Starcie dwóch niepokonanych freaków na horyzoncie? To byłby wielki hit
Niepokonany freakfighter wyzwał do walki gwiazdora Fame MMA. Ewentualny pojedynek między zawodnikami byłby prawdziwym hitem.
Wojciech "Rekordzista" Sobierajski stoczył poprzedni pojedynek 9 marca ubiegłego roku. Wówczas na Clout MMA 4 skrzyżował rękawice z Rafałem "Boro" Borkowskim.
Tamto starcie rozstrzygnęło się na pełnym dystansie. Sobierajski zwyciężył je jednogłośną decyzją sędziów i dopisał kolejną wygraną do nieskazitelnego bilansu.
Niedawno o freakfighterze zrobiło się głośno z innego powodu.
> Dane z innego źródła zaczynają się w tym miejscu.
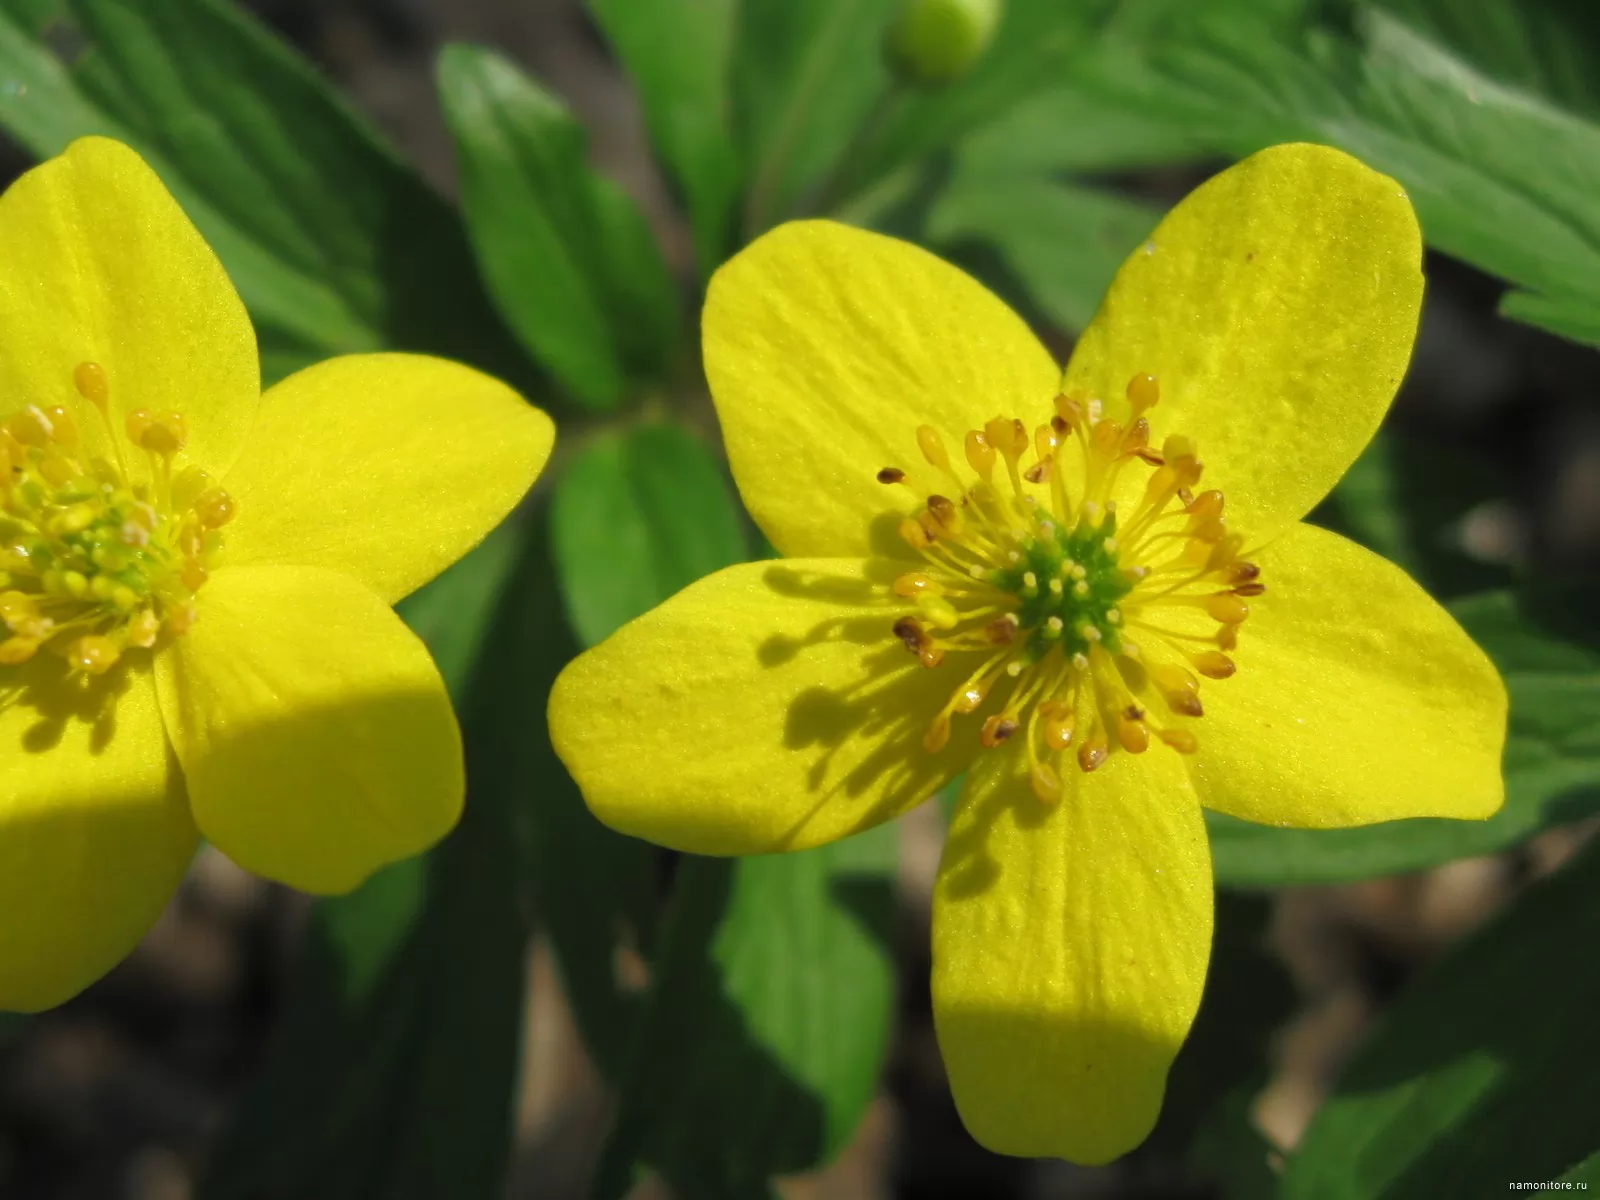 Is gentle-yellow, flowers, yellow x

Wszystko za sprawą jego kolejnego, imponującego rekordu.
Sobierajski pobił wynik Davida Gogginsa i w ciągu 24 godzin podciągnął się 4030 razy na drążku. Po ukończeniu próby zdradził, co jest jego kolejnym celem.
"Rekordzista" wyzwał do walki innego, niepokonanego freakfightera. Wyraził chęć do zmierzenia się z Kamilem "Taazym" Mataczyńskim.
- Goggins został rozłupany. Teraz na następnego gościa do rozłupania wyzywam "Taazy’ego". Ja niepokonany, Ty niepokonany. Jedziemy z tym - mówił Sobierajski.
"Taazy", który został wyzwany przez "Rekordzistę", stoczył poprzedni pojedynek 7 grudnia na Fame MMA 23. Wówczas w walce wieczoru pokonał na pełnym dystansie Adama "AJ" Josefa.